What you should do:
All of the data is to be printed exactly, though the images must be left off.

--- START ---

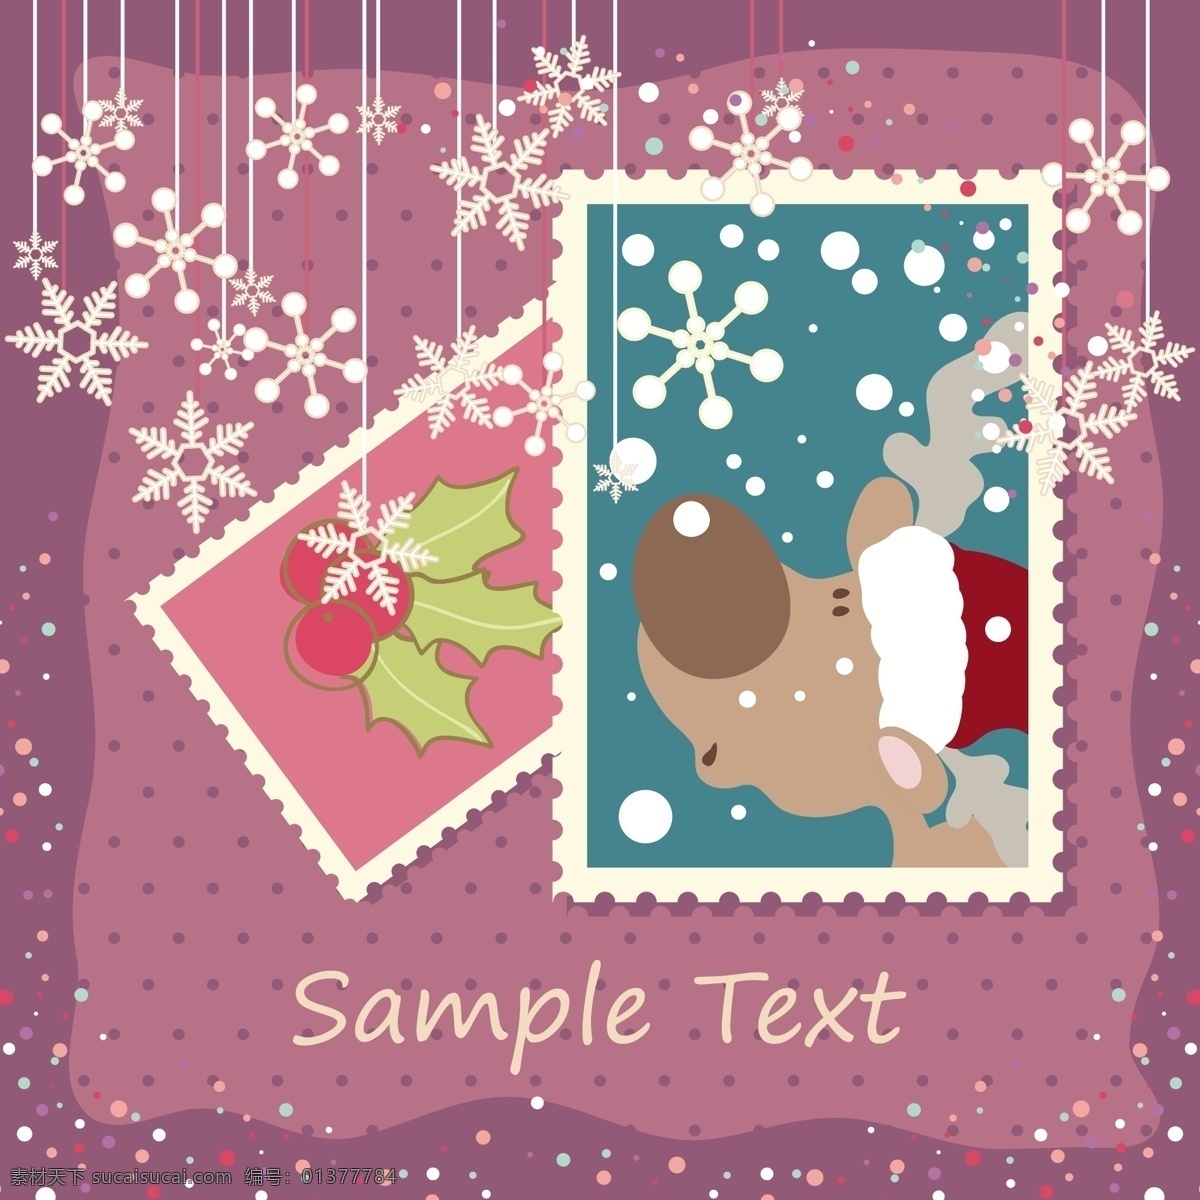 淡雅 圣诞节 邮票 矢量 eps格式 背景 饼干 可爱 麋鹿 圣诞树 矢量素材 星星 雪人 雪花 节日素材
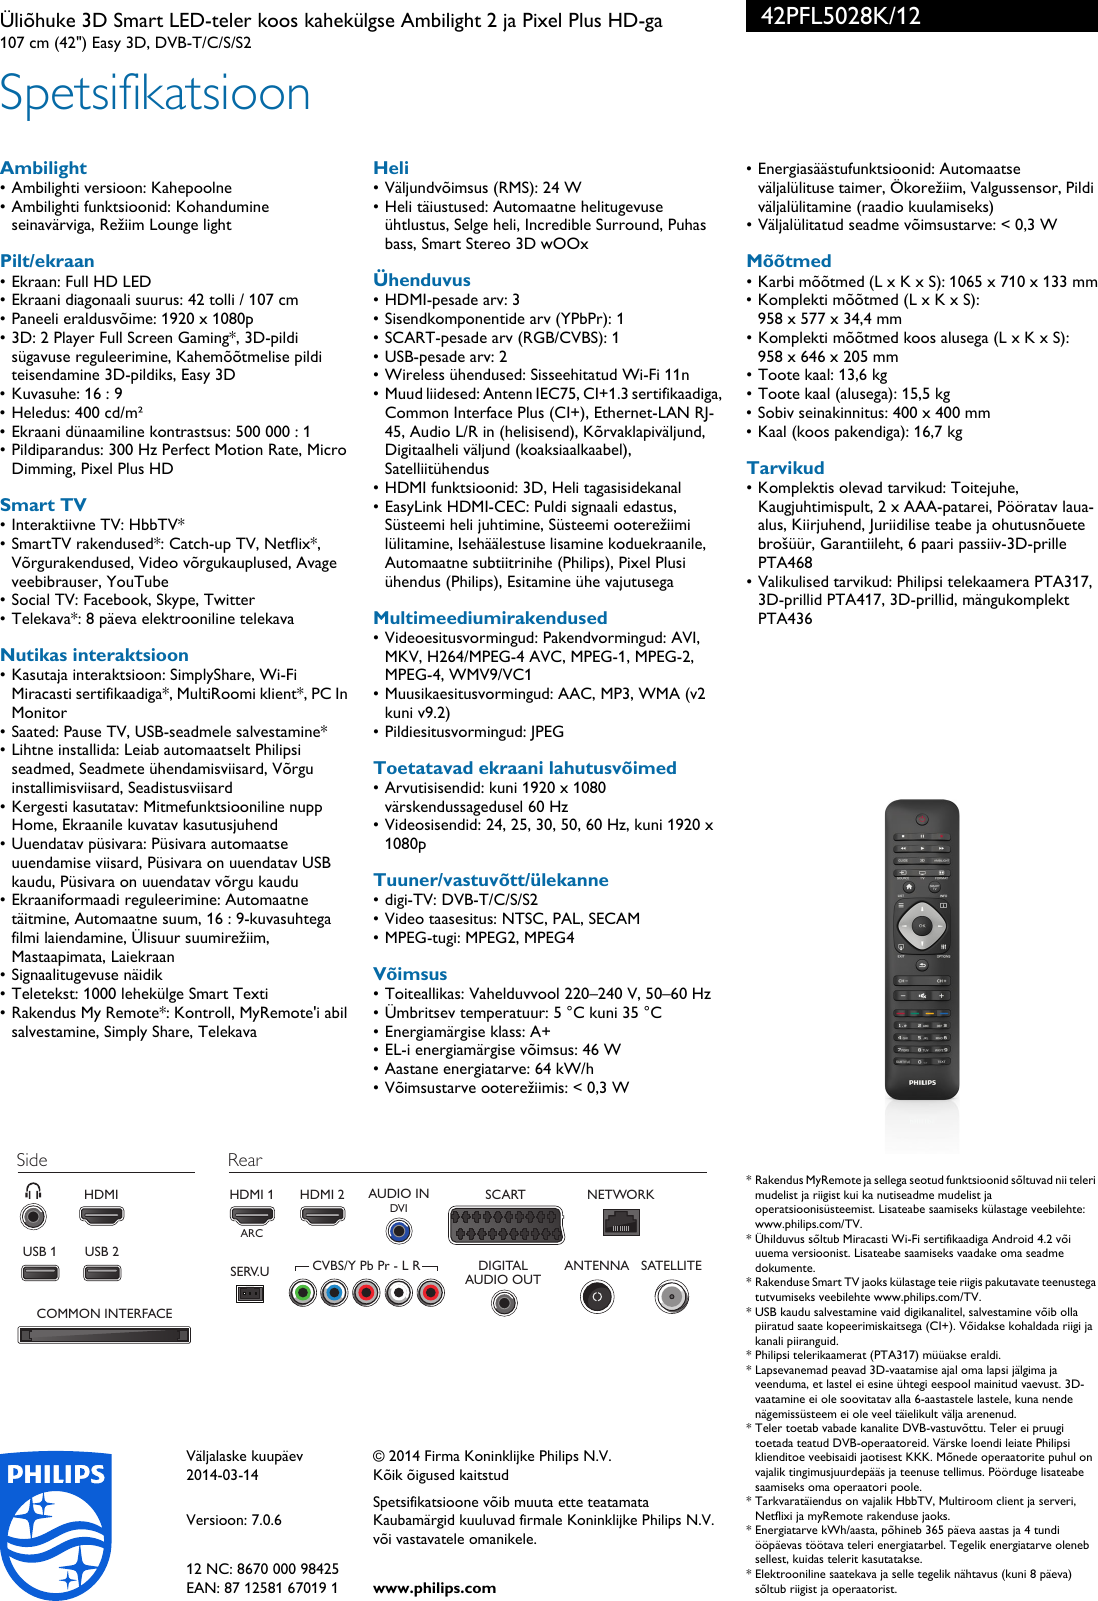 Page 3 of 3 - Philips 42PFL5028K/12 Üliõhuke 3D Smart LED-teler Koos Kahekülgse Ambilight 2 Ja Pixel Plus HD-ga User Manual Voldik 42pfl5028k 12 Pss Estee
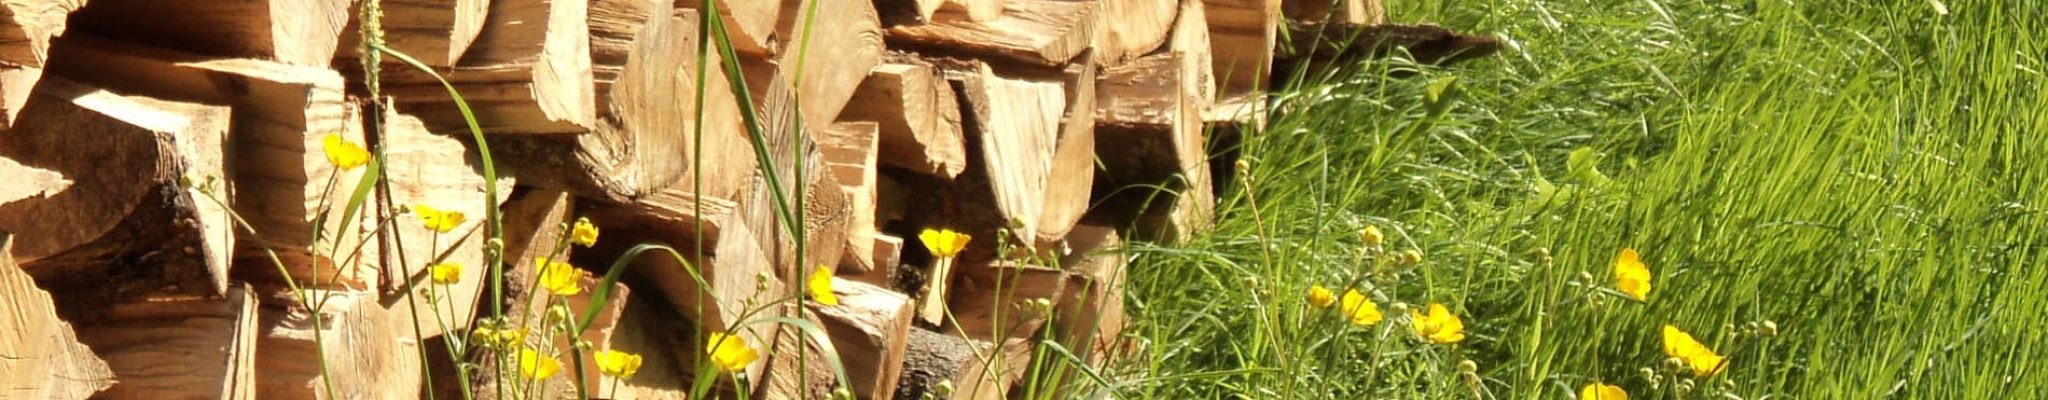 Holzstapel in Blumenwiese
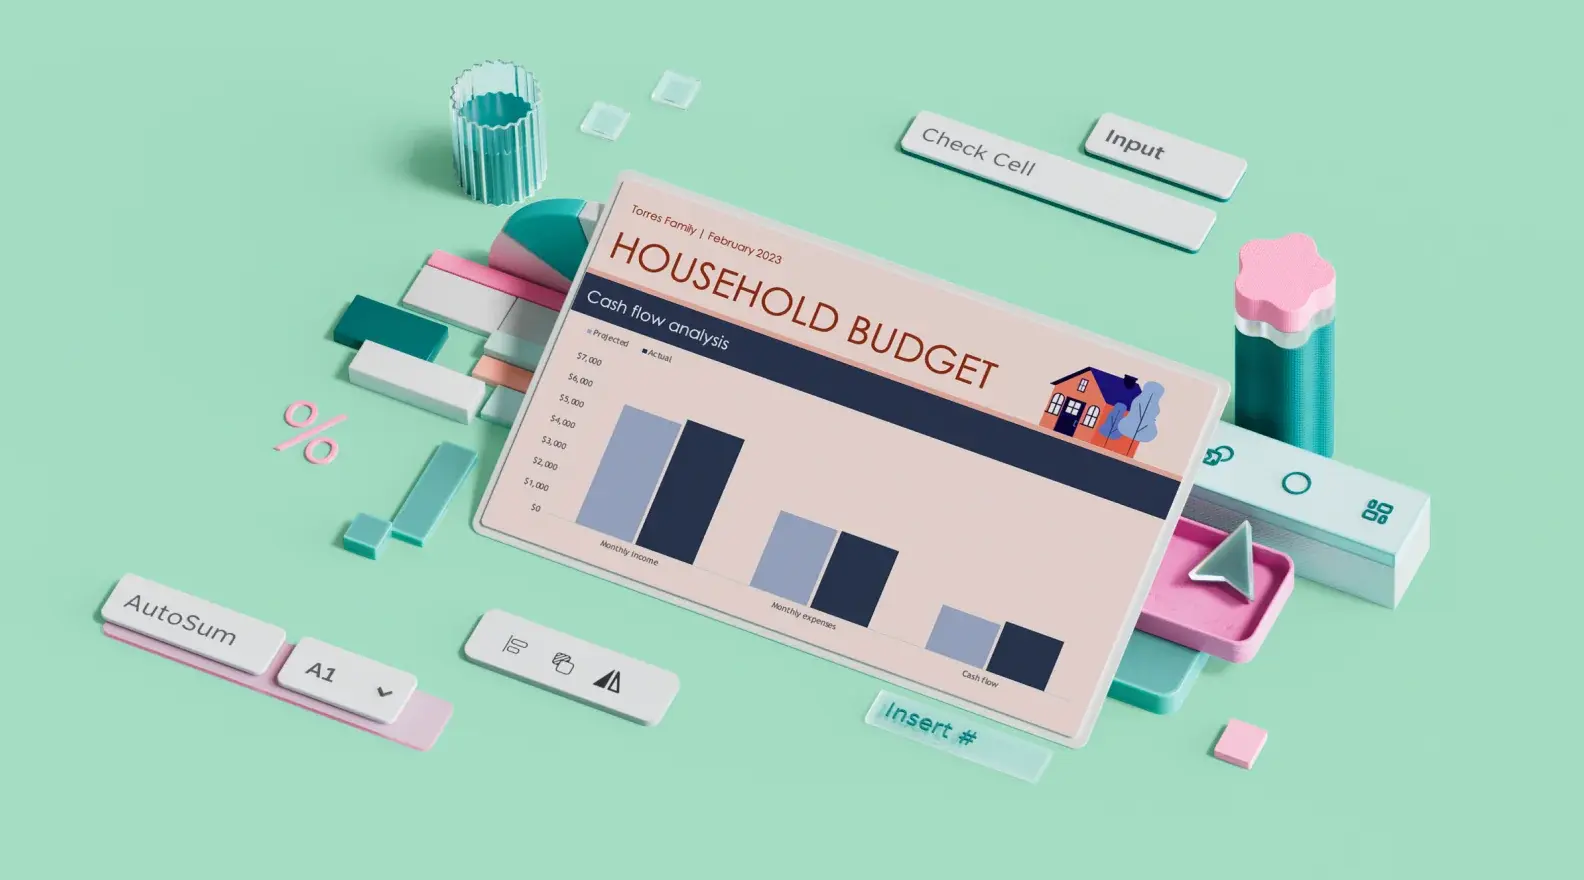 Plantilla de Microsoft Excel de presupuesto familiar rodeada de elementos de diseño en 3D
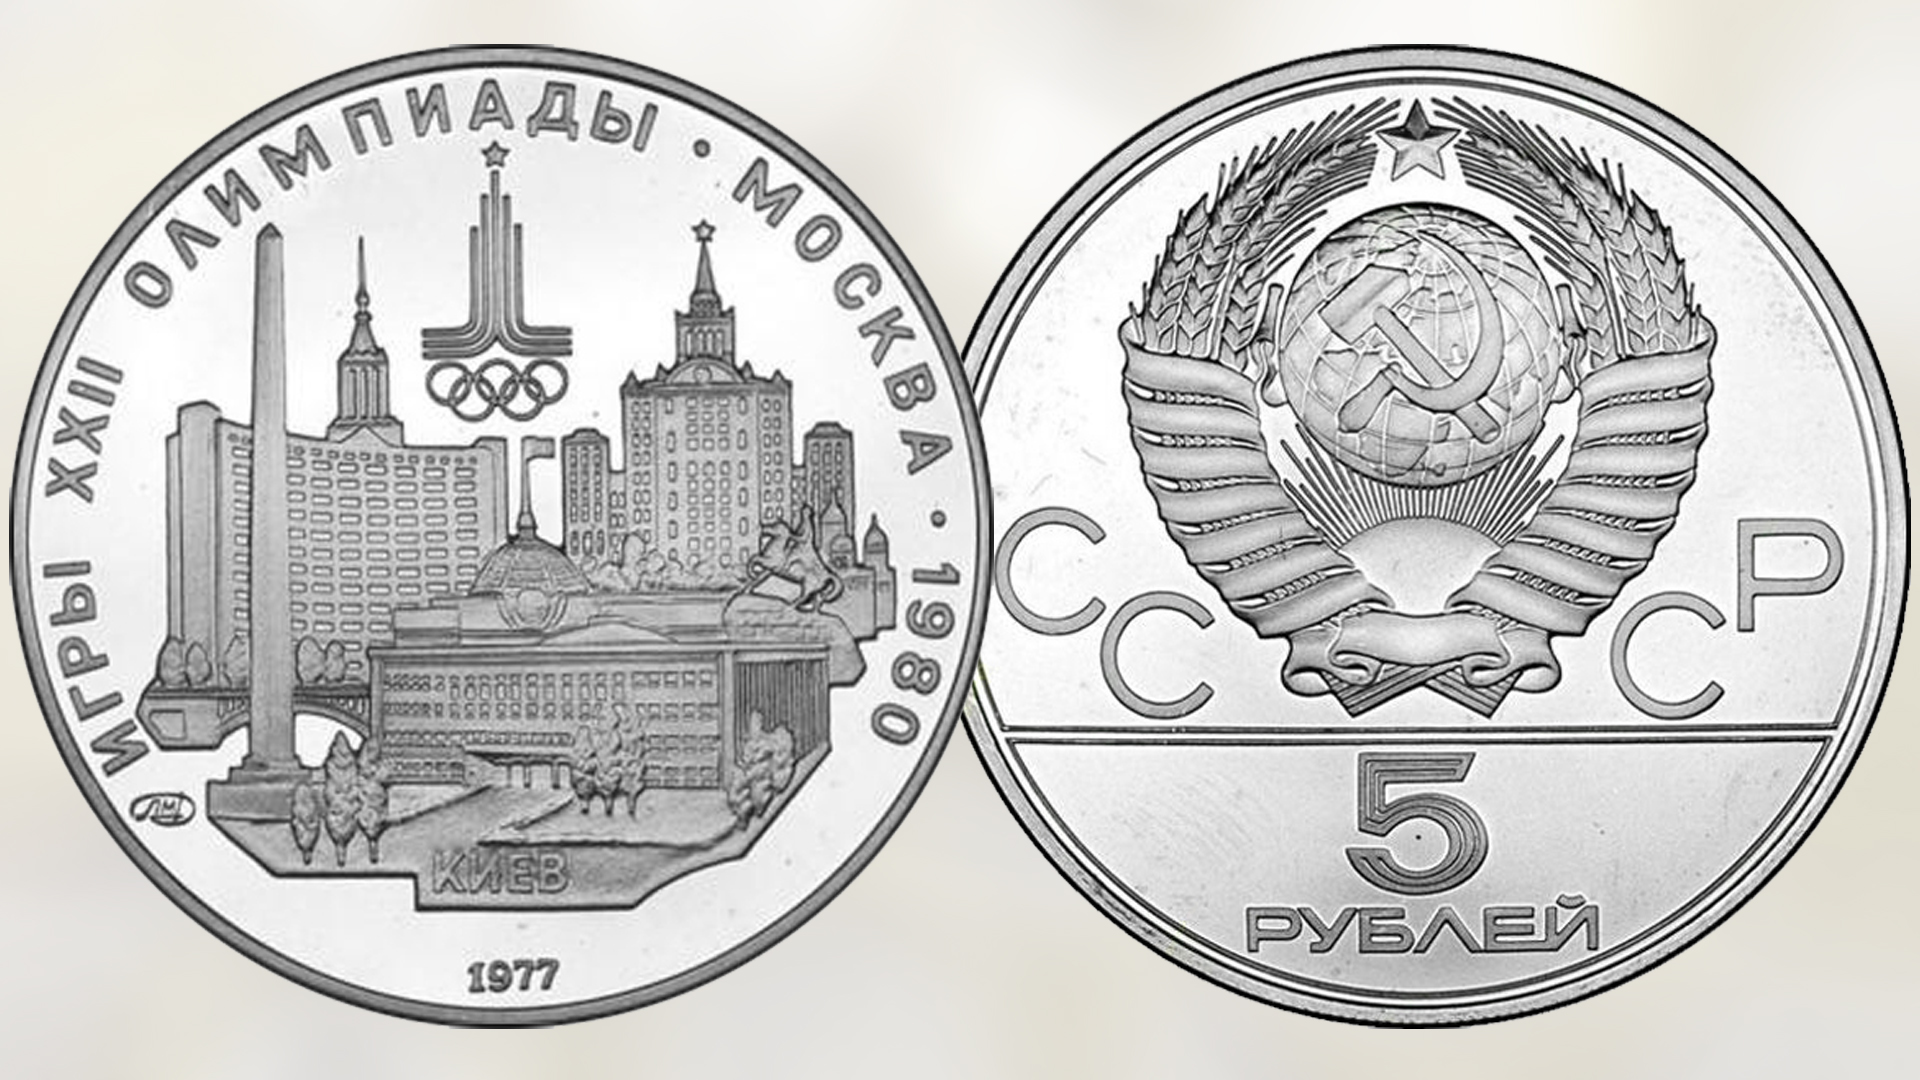 5 рублей серебряные. Ленинград монета 1977. 5 Рублей 1977 Ленинград.

--- END ---

Task output:
 淡雅 圣诞节 邮票 矢量 eps格式 背景 饼干 可爱 麋鹿 圣诞树 矢量素材 星星 雪人 雪花 节日素材
 Page 3 of 3 - Philips 42PFL5028K/12 Üliõhuke 3D Smart LED-teler Koos Kahekülgse Ambilight 2 Ja Pixel Plus HD-ga User Manual Voldik 42pfl5028k 12 Pss Estee
 Holzstapel in Blumenwiese
 Plantilla de Microsoft Excel de presupuesto familiar rodeada de elementos de diseño en 3D
 5 рублей серебряные. Ленинград монета 1977. 5 Рублей 1977 Ленинград.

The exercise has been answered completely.